Patent, copyright, and trademark are all methods of protecting the legal rights of different intellectual property of individuals and corporations. Although the laws, practice, and procedure that governs these individual species of intellectual property is different, but they all serve the same purpose of protecting intellectual property of owners or authors or inventors in the marketplace.
This article will examine Patent, Copyright, and Trademark as intellectual properties in Nigeria.
A patent is a legal technique initiated to protect one’s invention that is new and useful to encourage innovation. The right to a patent in respect of an invention is usually vested in the statutory inventor, which is the person who whether or not is the true inventor, is the first to file or to validly claim a foreign priority for a patent application.
A patent is regulated by the Patent and Designs Act 1971 and application to register for a patent is made to the Trademark, Patents, and Design Registry, Commercial Law Department of the Federal Ministry of Industry, Trade and Investment in Nigeria.

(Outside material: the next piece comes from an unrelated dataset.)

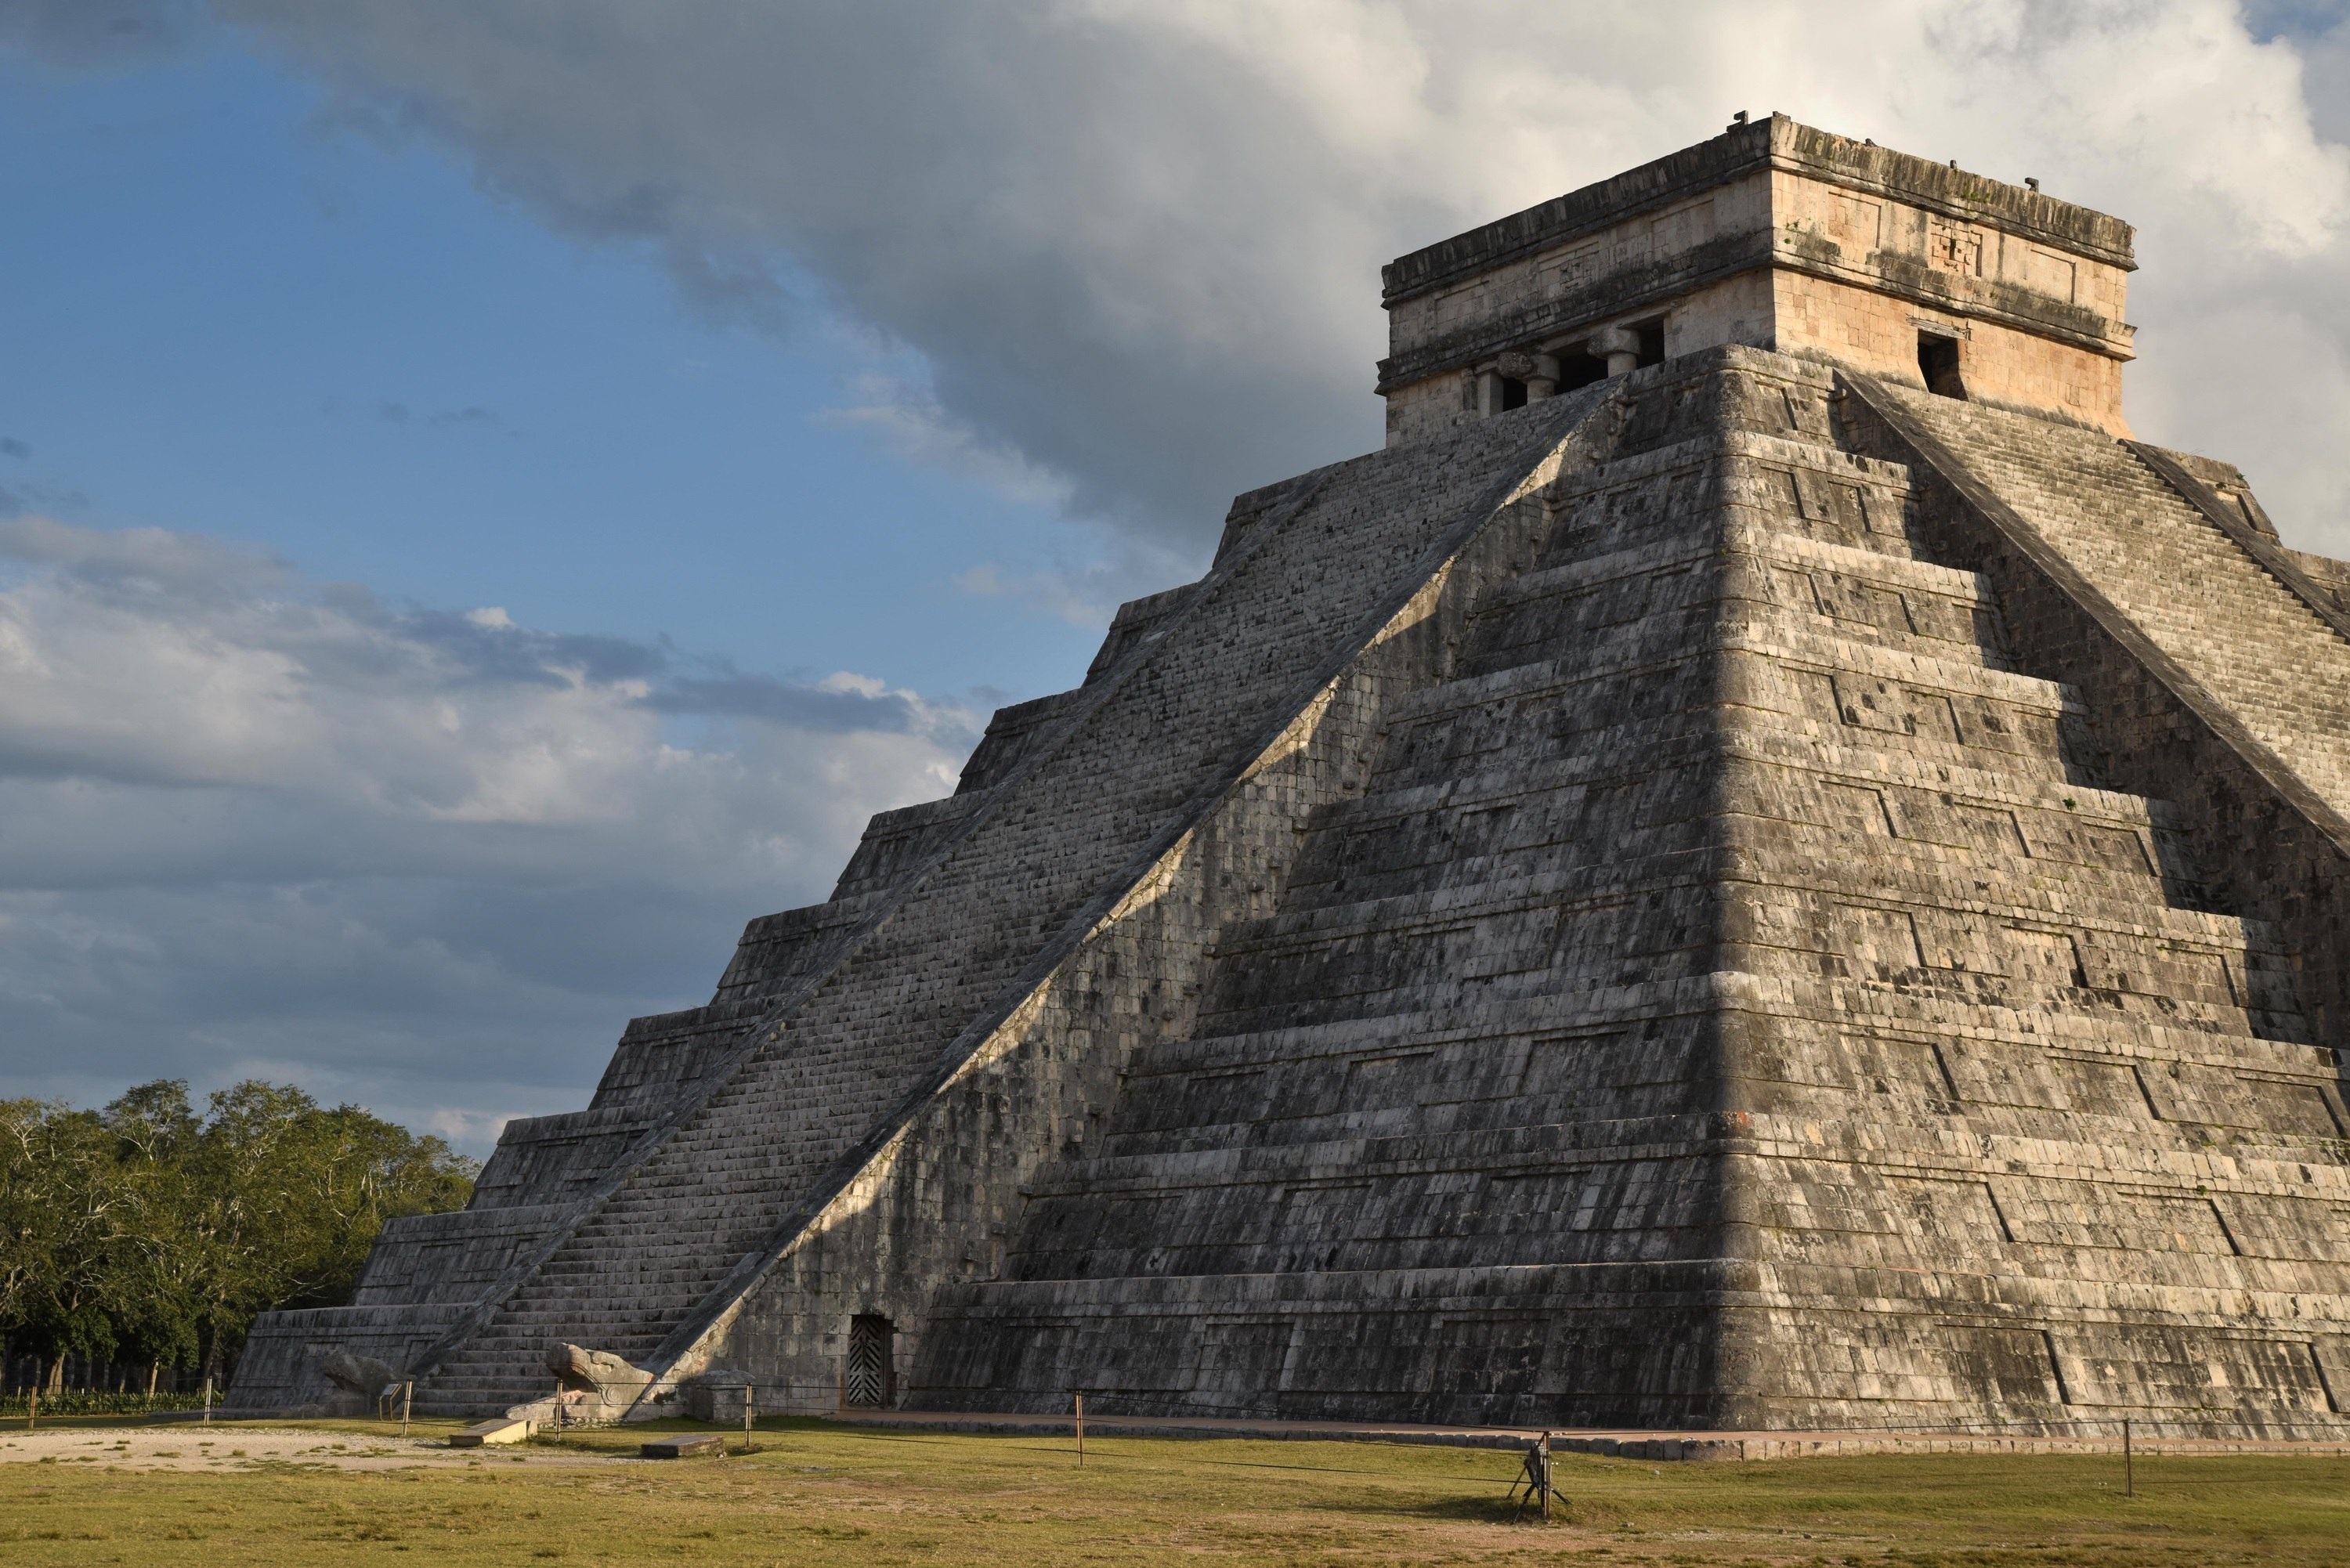 La pirámide Kukulcán durante el fenómeno de luz y sombra, conocida como el Templo de las Siete Muñecas, en la zona arqueológica de Dzibilchaltún en el estado mexicano de Yucatán. (EFE/ Cuauhtémoc Moreno)

A patent obtained protects new inventions such as new processes, machines, electronics, and chemical compositions. For an invention to be patentable in Nigeria, it must meet the following conditions as provided in Section 1(1) of the Act, which provides that an invention is patentable if;
- If it is new, results from inventive activity and is capable of industrial application or;
- If it constitutes an improvement upon a patented invention and also is new, results from an inventive activity, and is capable of industrial application.
A patent once granted by issue of documents containing particulars of the registration such as (number of the patent, description of the invention, name of the inventor, etc), to a statutory inventor confers on him the right to preclude others from making, importing, using, selling or applying a process of the registered patented invention as provided by Section 6 of the Act.
A notable feature about a patent is that an application for a patent license shall relate to only one invention at a time but may include in connection with that invention claims or protection for any number of products; any number of manufacturing processes for the resulting processes of the products; any number of applications of those products and for the means of working those processes. This is a strict requirement as provided in Section 3(3) of the Act.
A Patent granted by the Registrar is valid for a period of twenty years as Section 7 of the Act provides that a patent shall expire at the end of the twentieth year from the date of the filing of the patent application and such grant can lapse if the prescribed annual fees are not duly paid to the Registry.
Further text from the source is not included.